• **Information provided**:
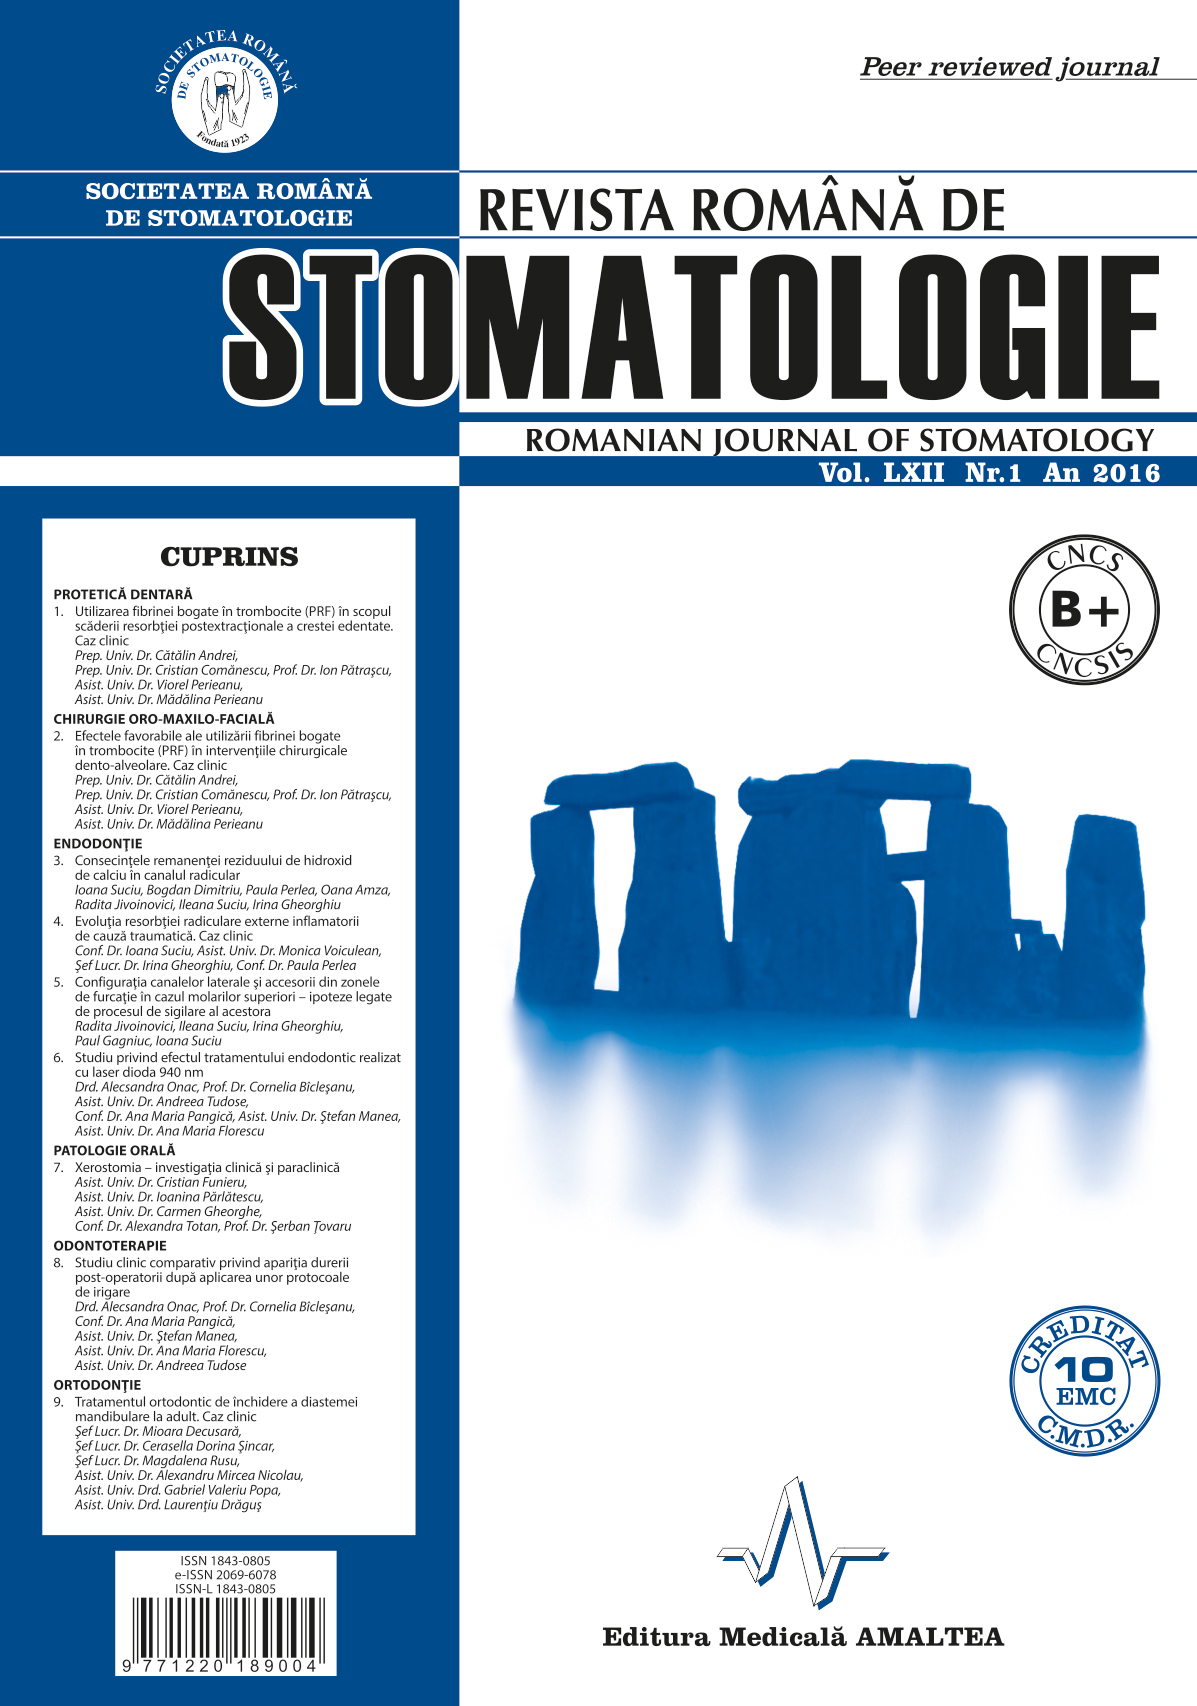 Revista Romana de STOMATOLOGIE - Romanian Journal of Stomatology, Vol. LXII, Nr. 1, An 2016
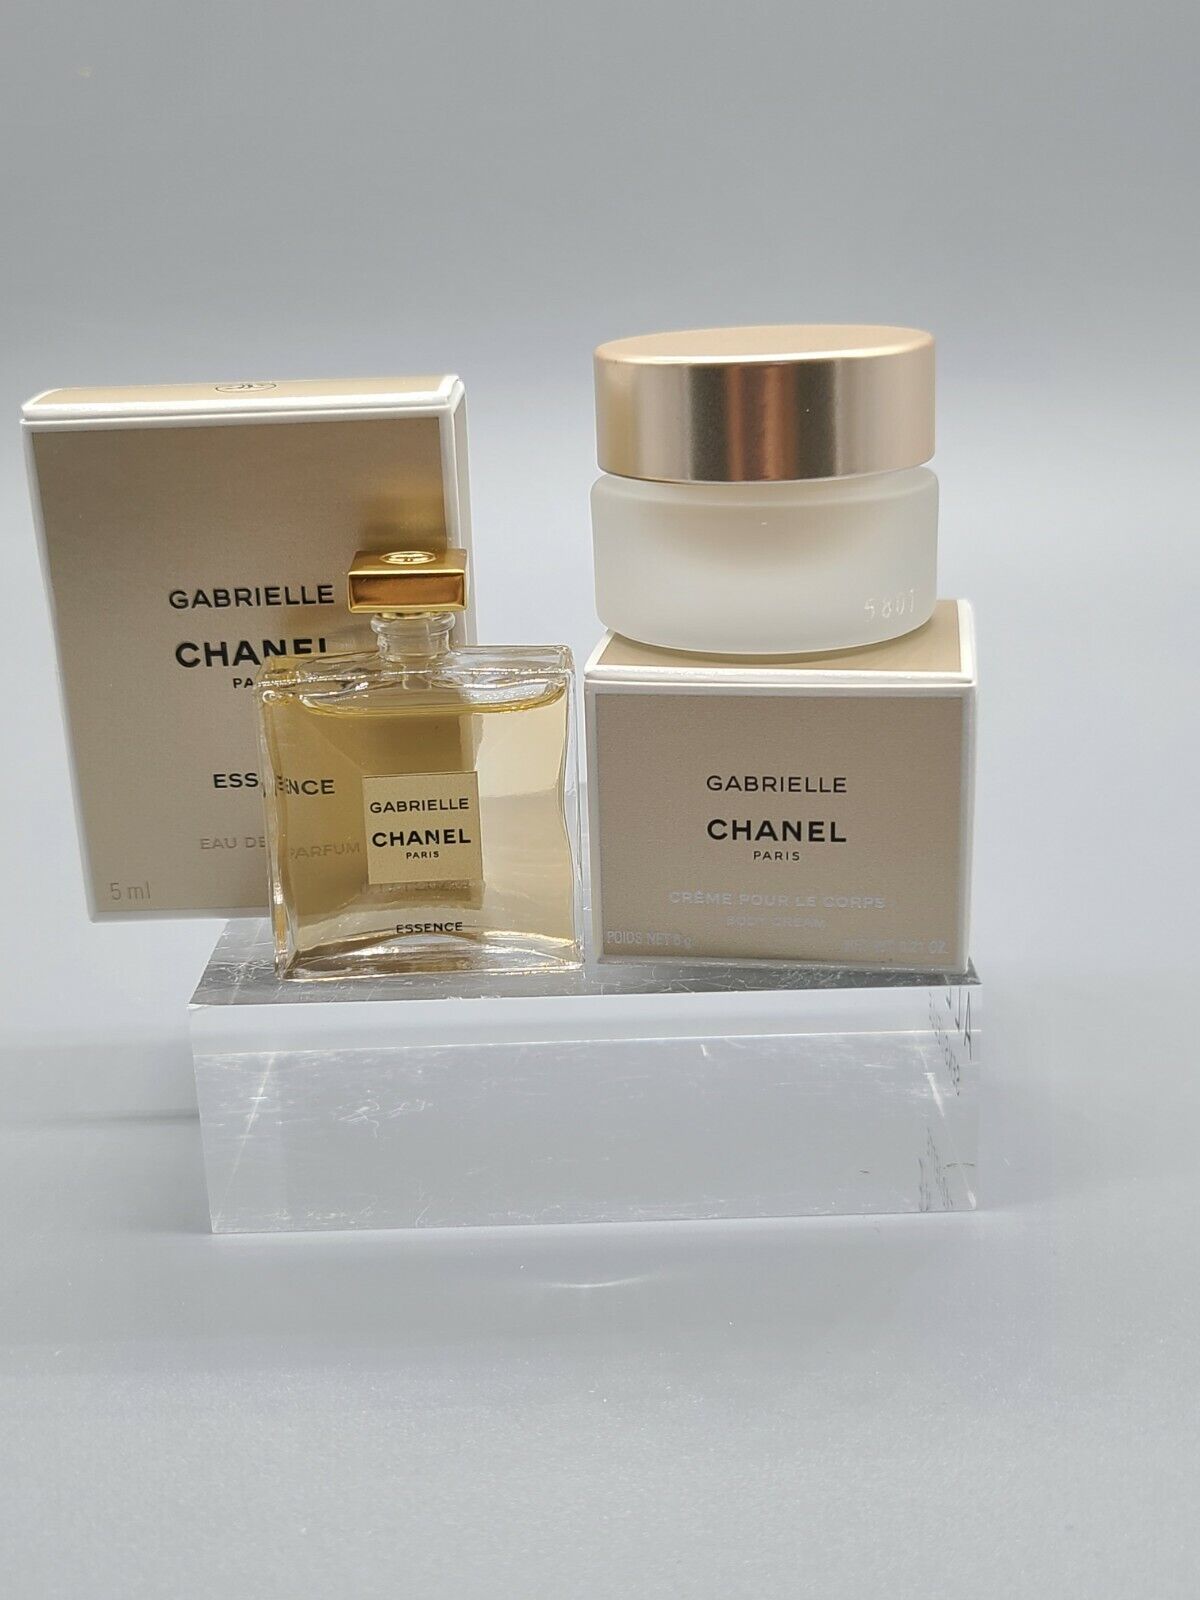 Chanel Omaha Mall Gabrielle Essence Mini 5 ml Body + Cream oz Parfum .21 Oklahoma City Mall
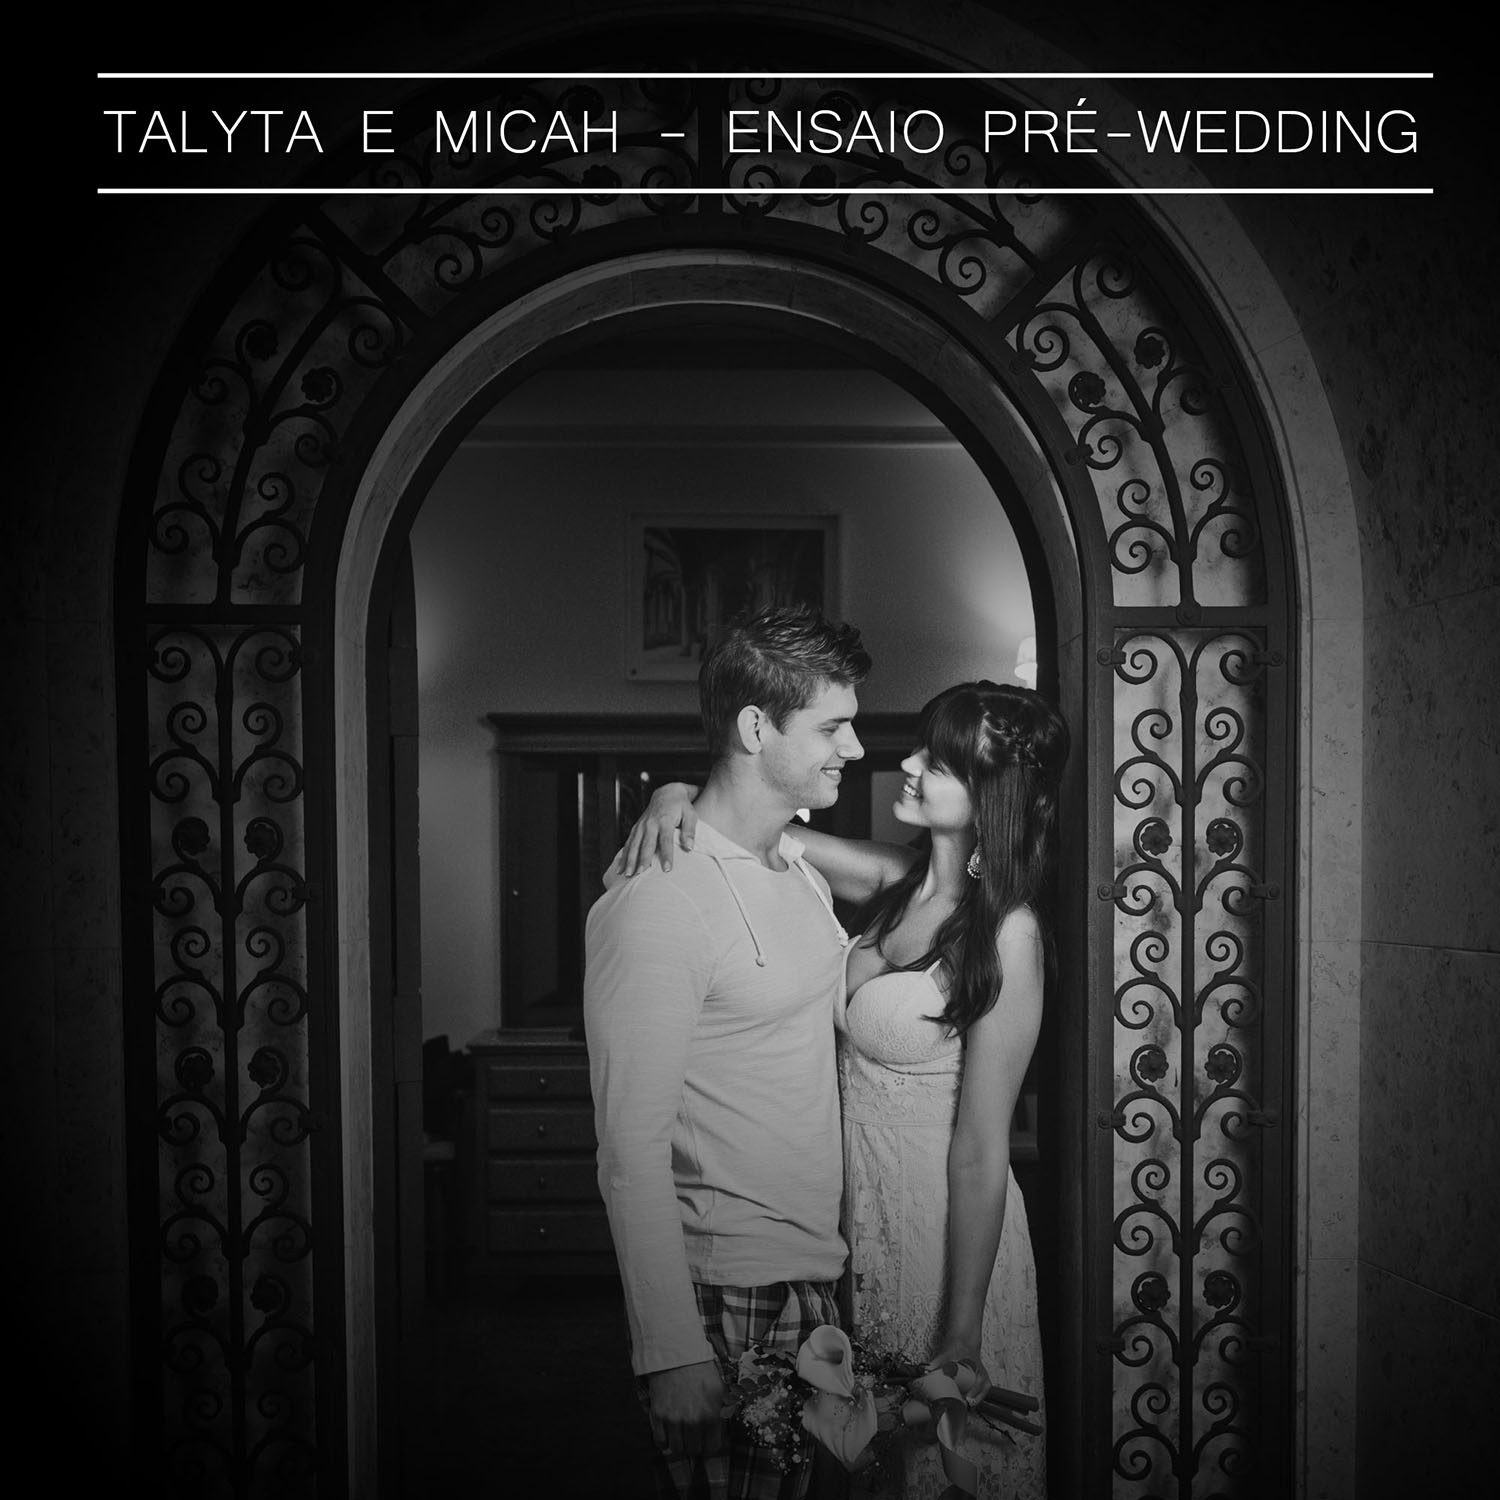 ENSAIO PRÃ-WEDDING - TALYTA E MICAH
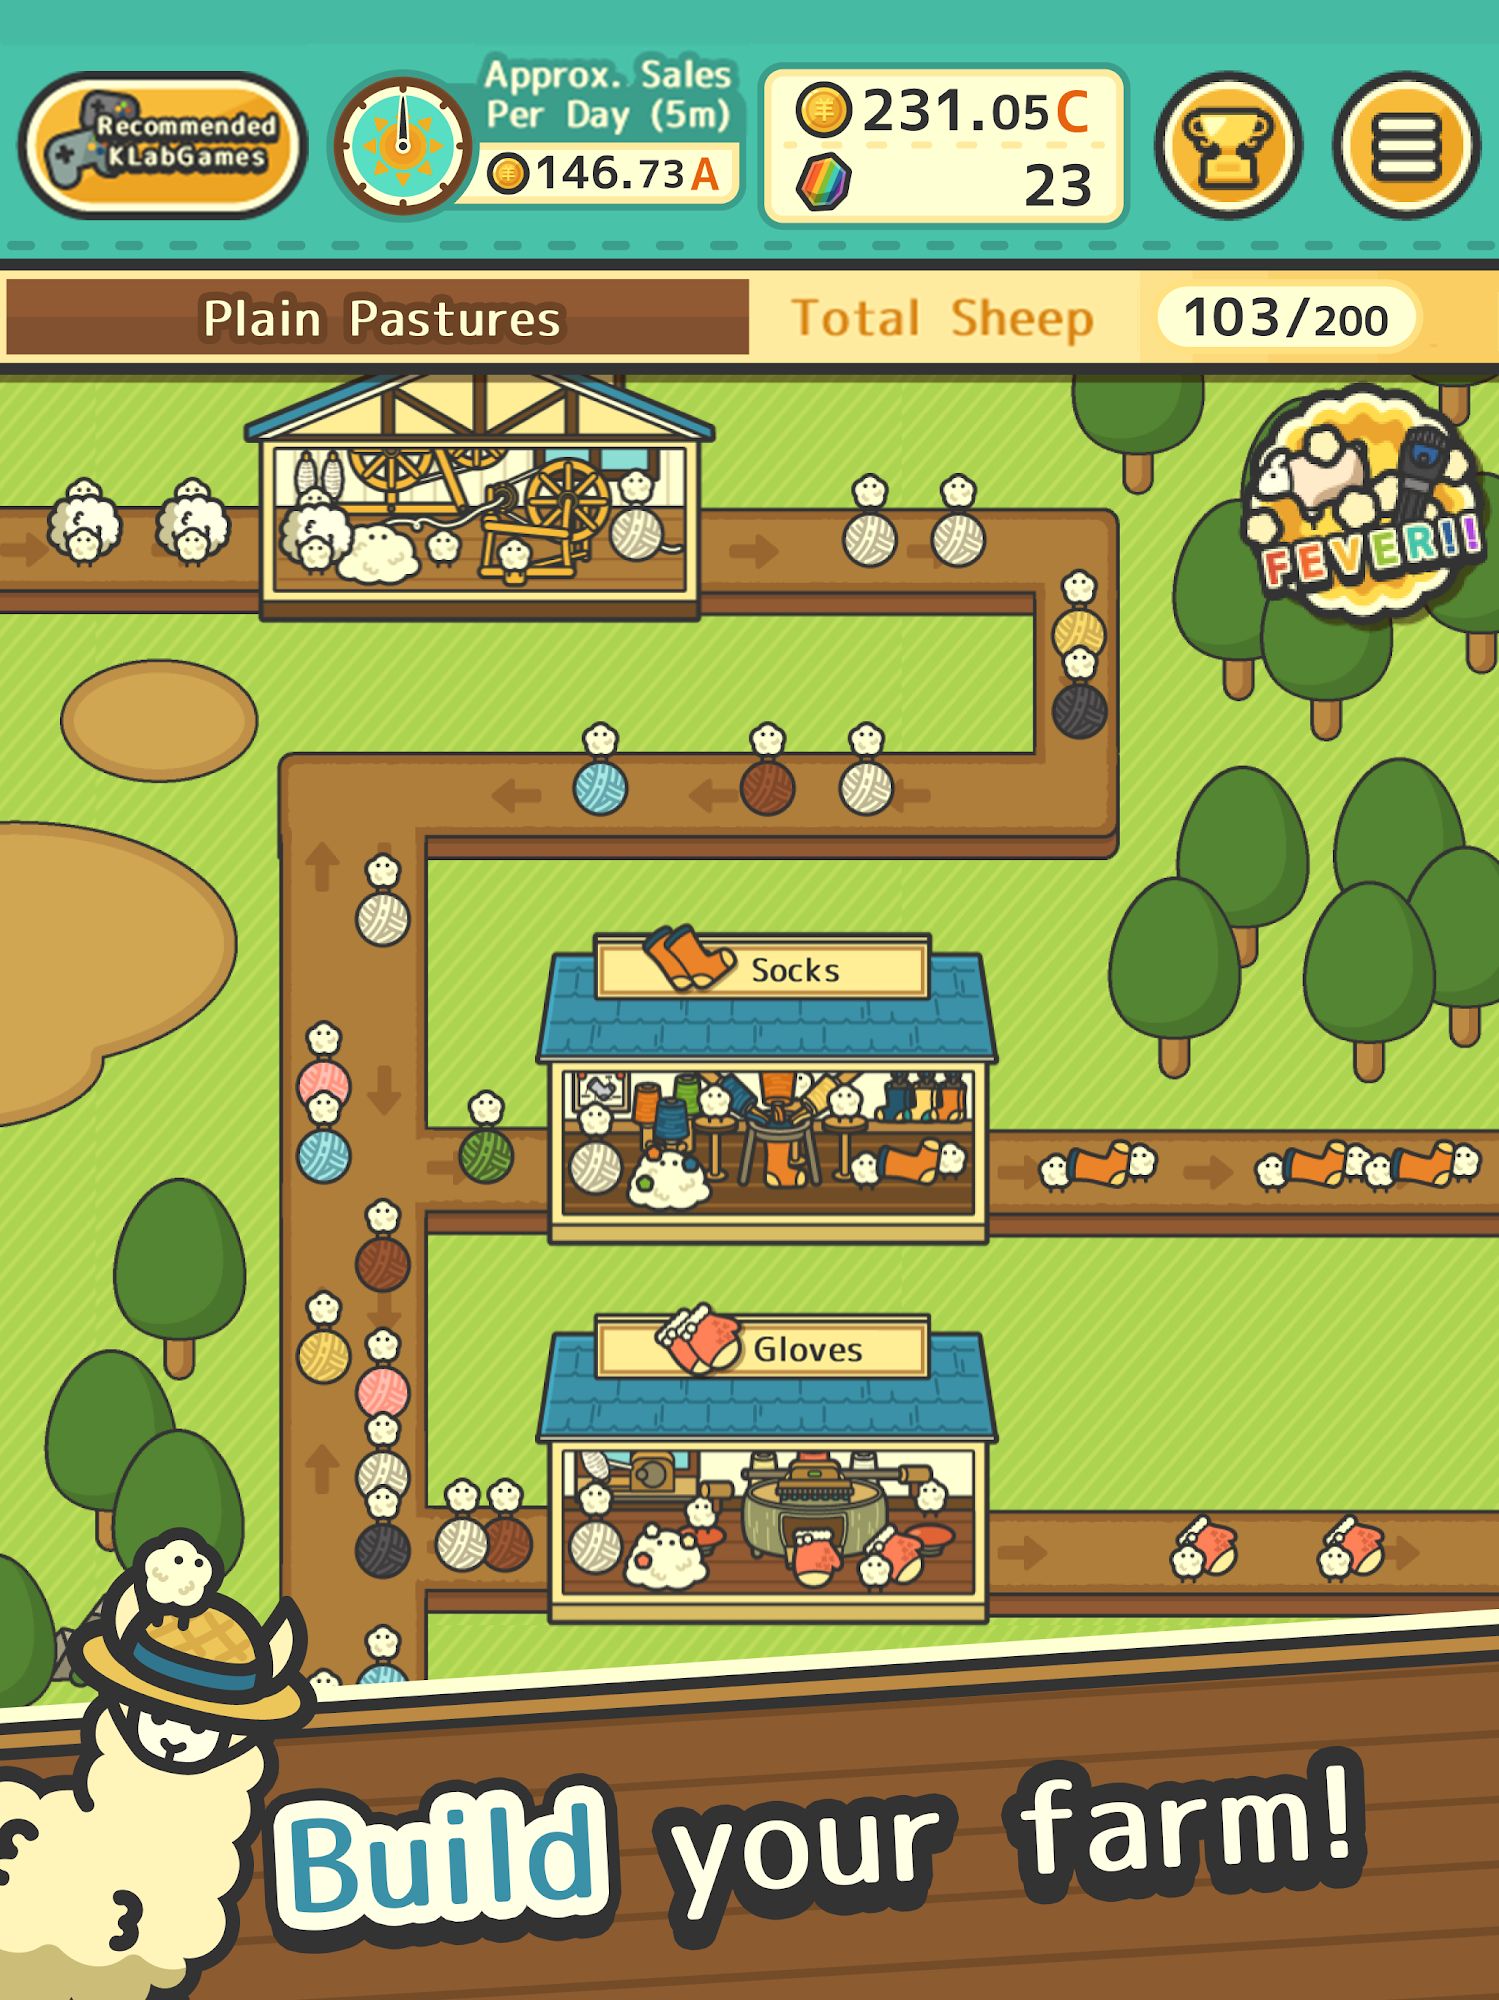 Fluffy Sheep Farm - Android game screenshots.

• **Assignment**: Beginning with the line that holds "Chanel Omaha Mall", write out exactly the lines down to the end of the material above, and no others. Pictures are not part of the copy.

• **Answer space**:
 Chanel Omaha Mall Gabrielle Essence Mini 5 ml Body + Cream oz Parfum .21 Oklahoma City Mall
 ENSAIO PRÃ-WEDDING - TALYTA E MICAH
 Fluffy Sheep Farm - Android game screenshots.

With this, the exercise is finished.